REQUIRED WORK. Leave the pictures in the listing below aside and reproduce exactly the lines starting with the one with "Monthly Calendar By" and going on through the one with "Планировка жилого одноэтажного", both ends included.

#### DATA FOR THIS EXERCISE

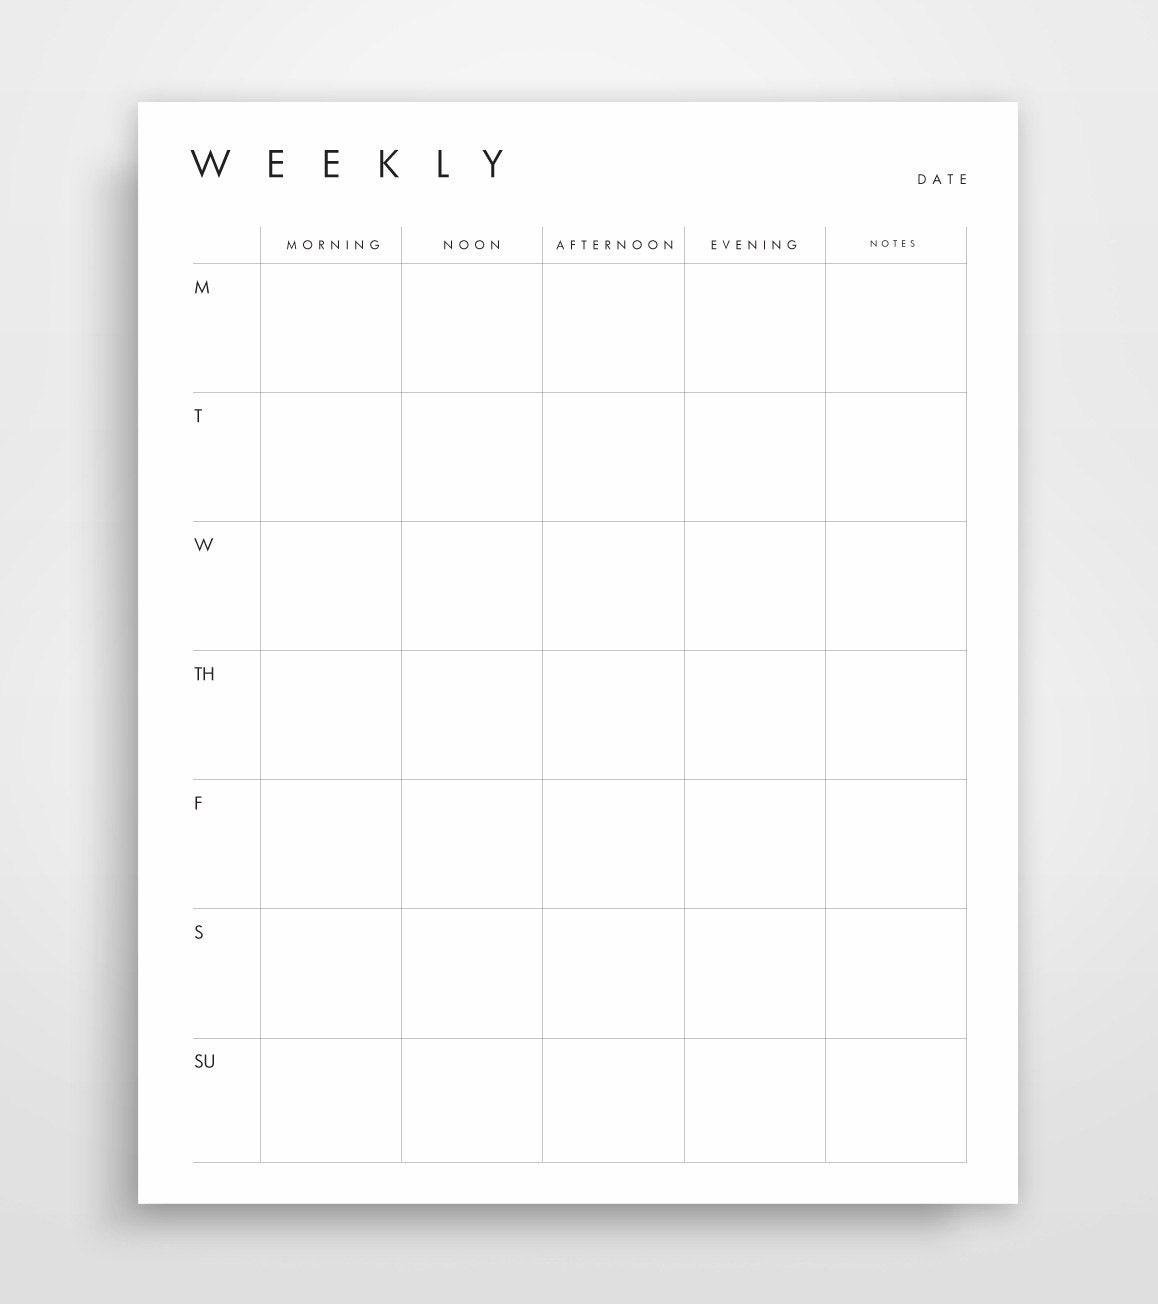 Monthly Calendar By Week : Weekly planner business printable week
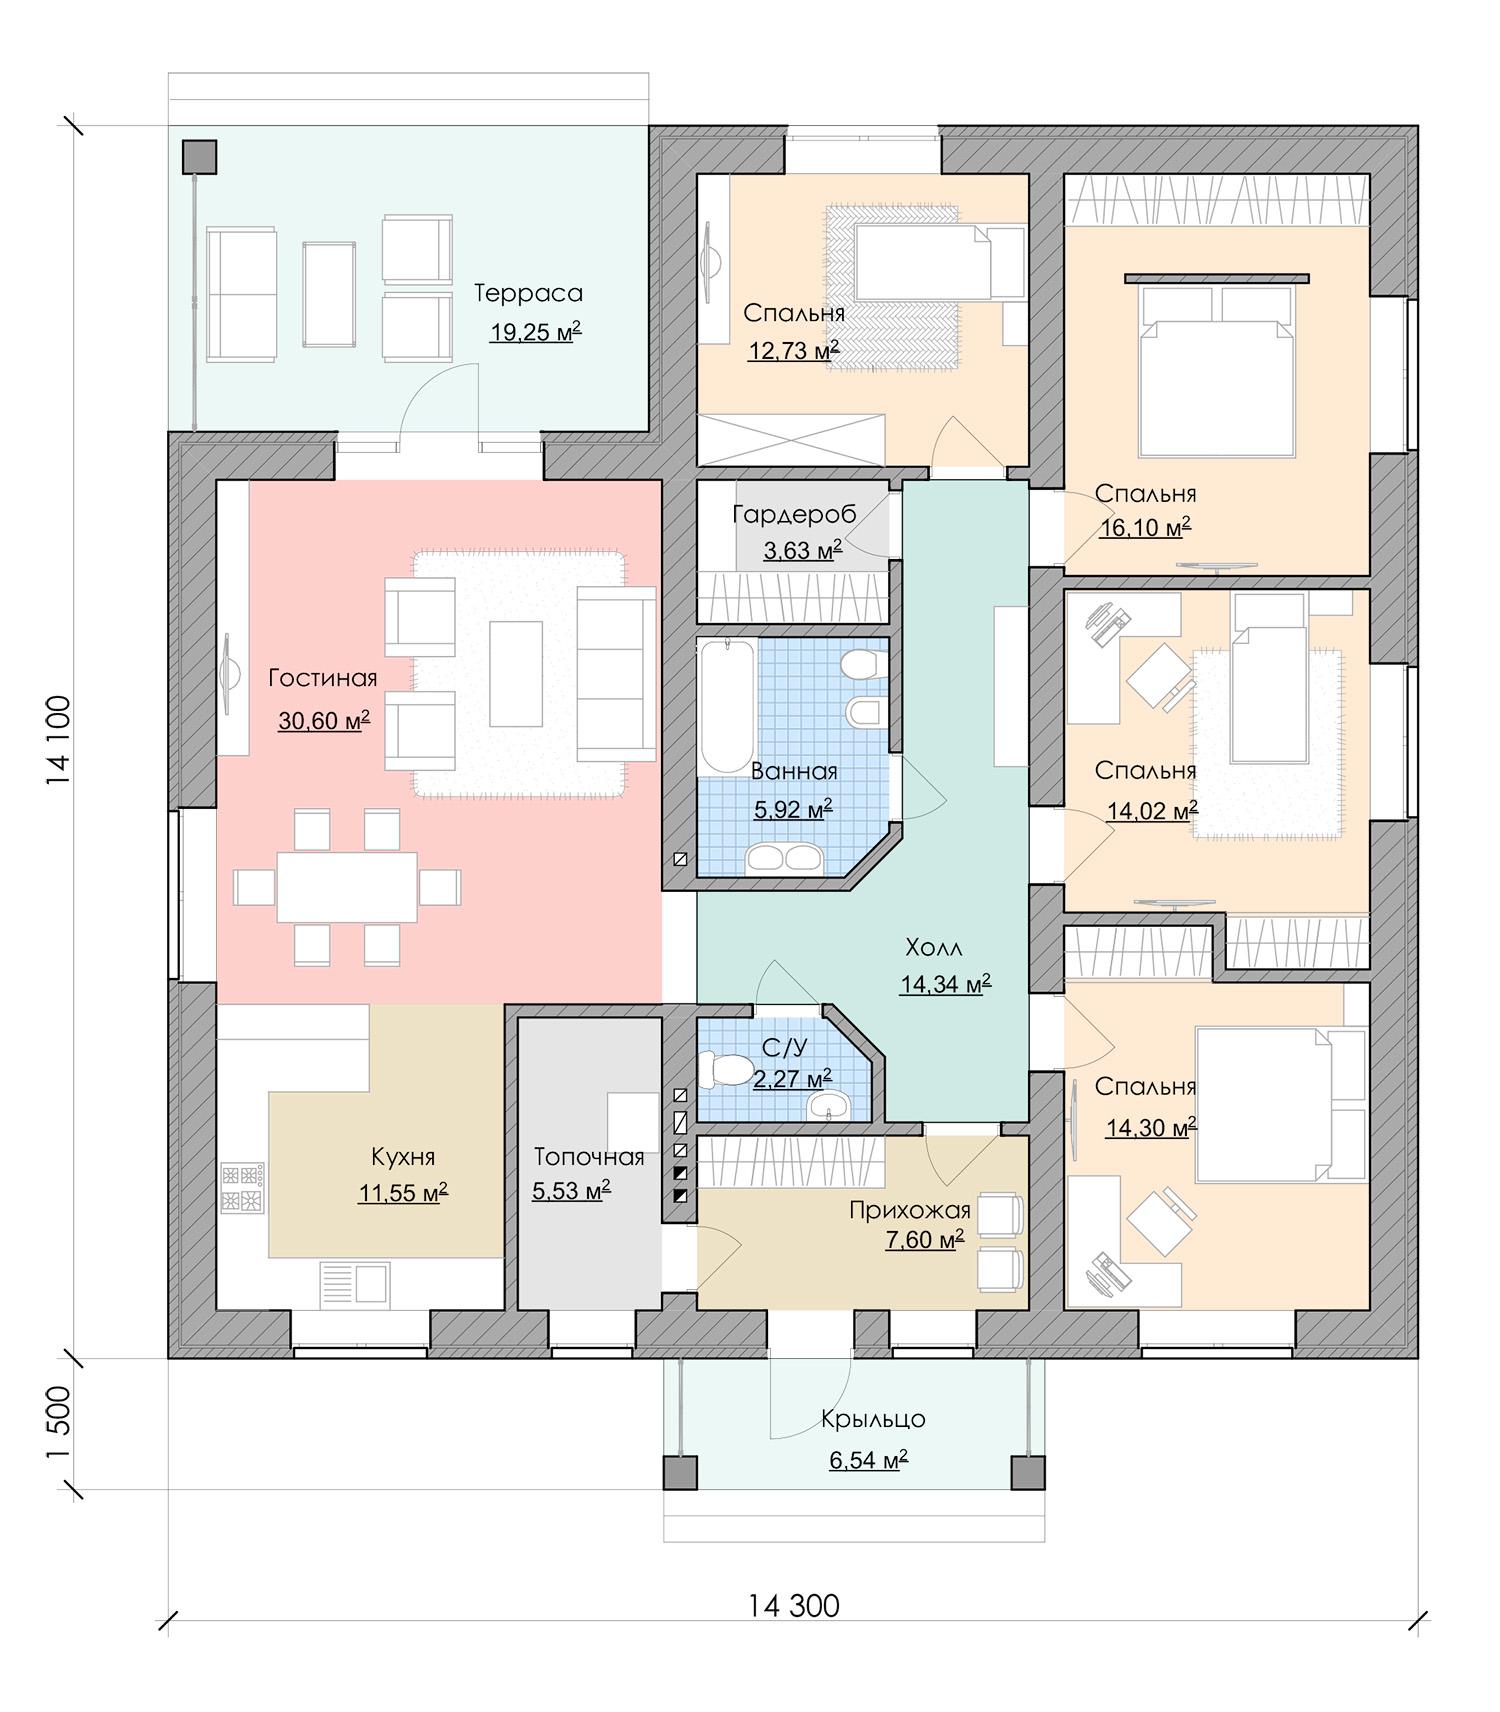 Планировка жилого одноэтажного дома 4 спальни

########
#### DATA FOR THIS EXERCISE

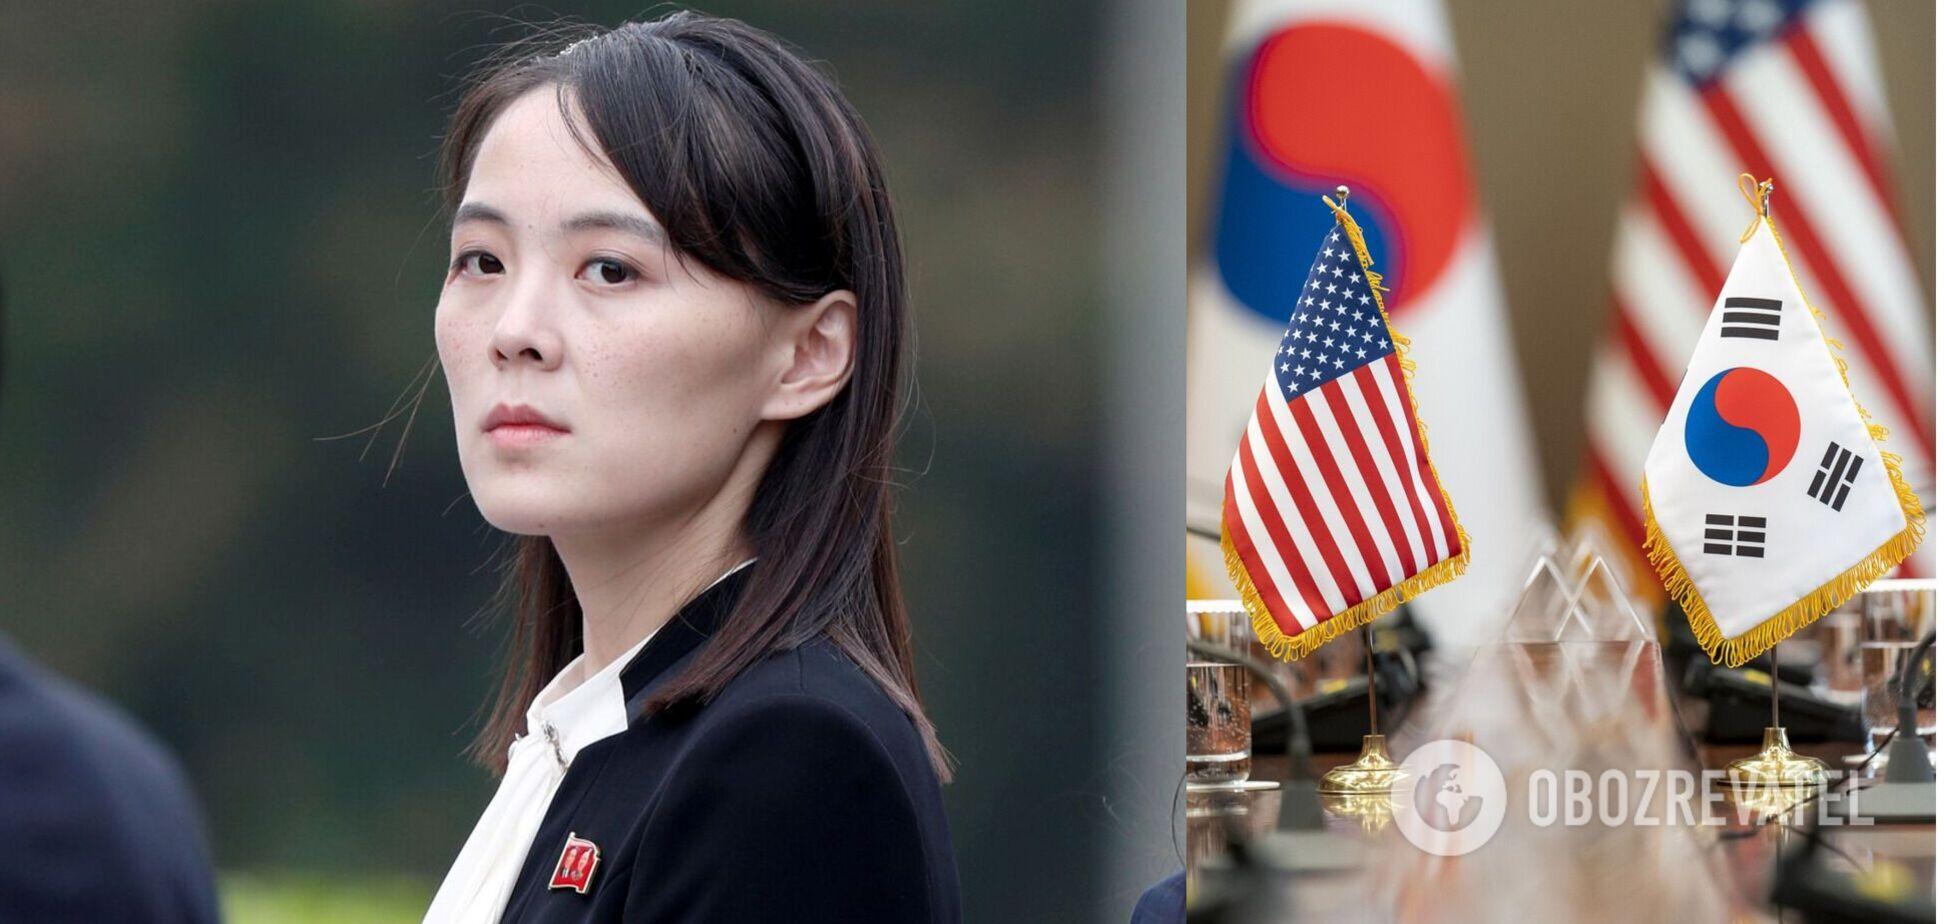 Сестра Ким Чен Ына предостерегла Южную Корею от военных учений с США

########
#### DATA FOR THIS EXERCISE

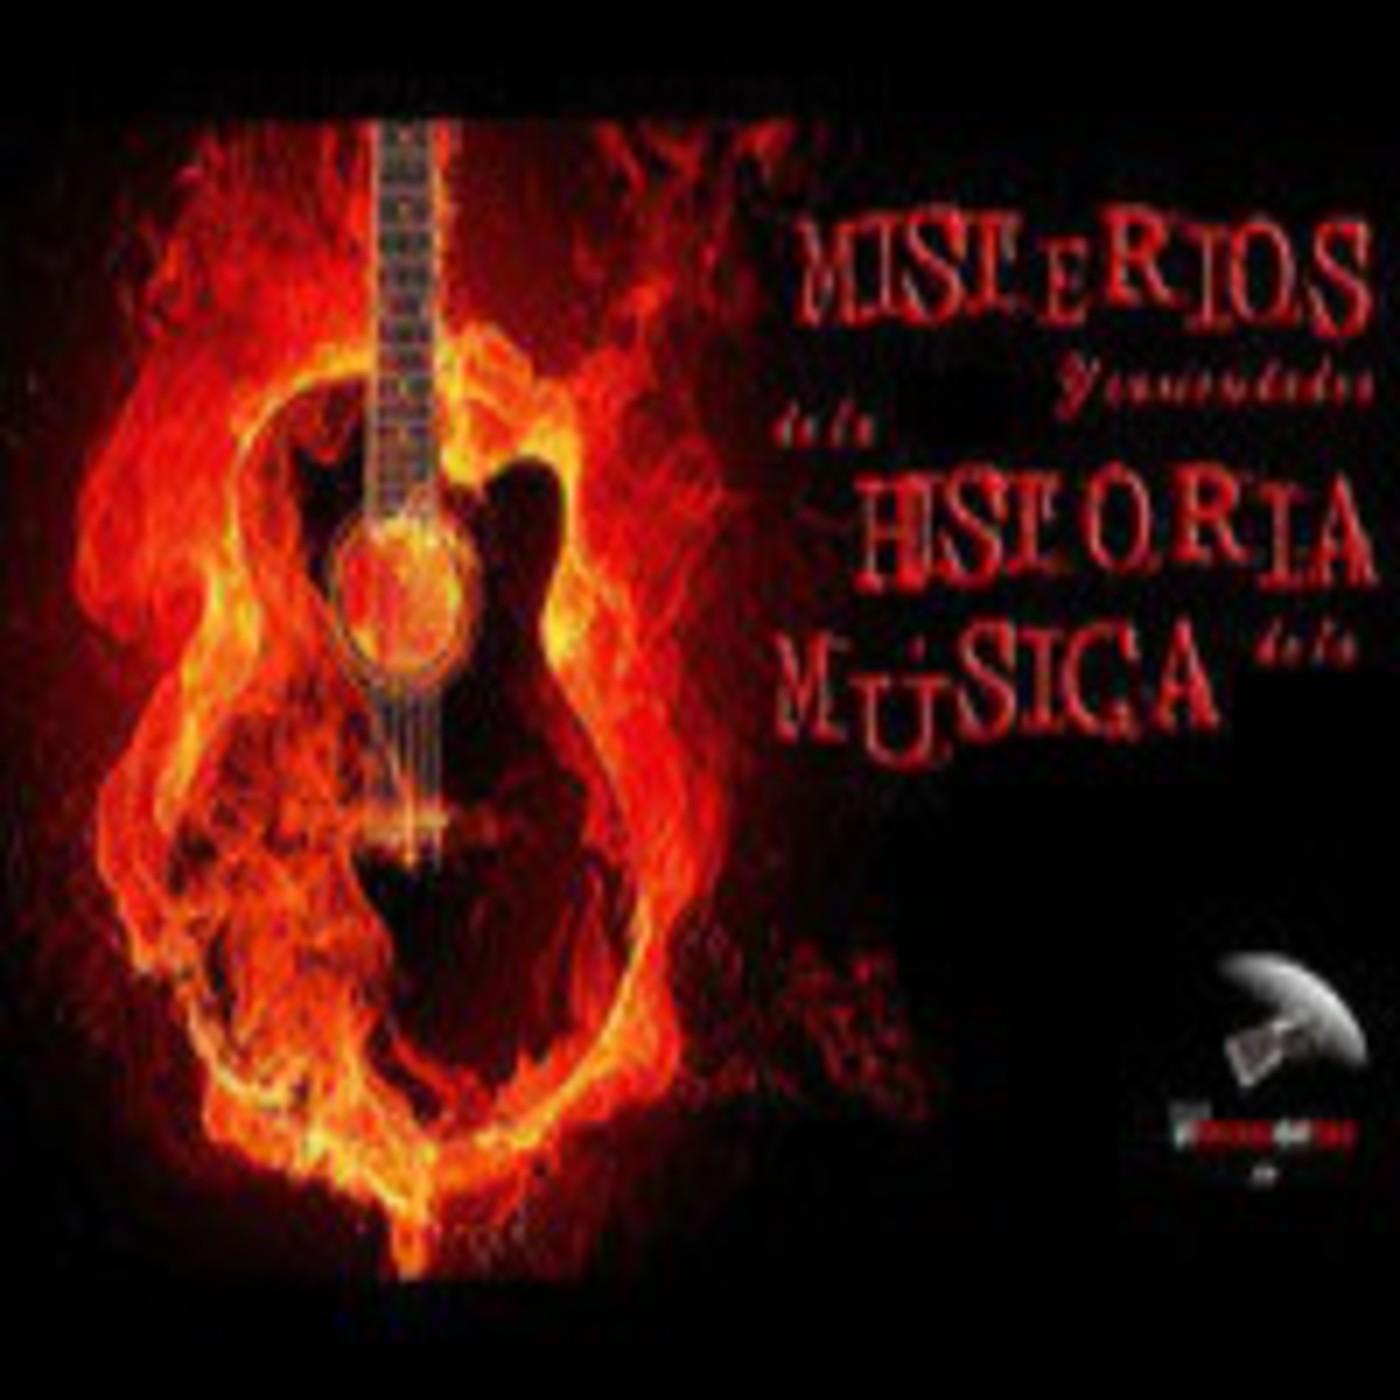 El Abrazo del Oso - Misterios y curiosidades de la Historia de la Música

########

SOLUTION BELOW.
 Monthly Calendar By Week : Weekly planner business printable week
 Планировка жилого одноэтажного дома 4 спальни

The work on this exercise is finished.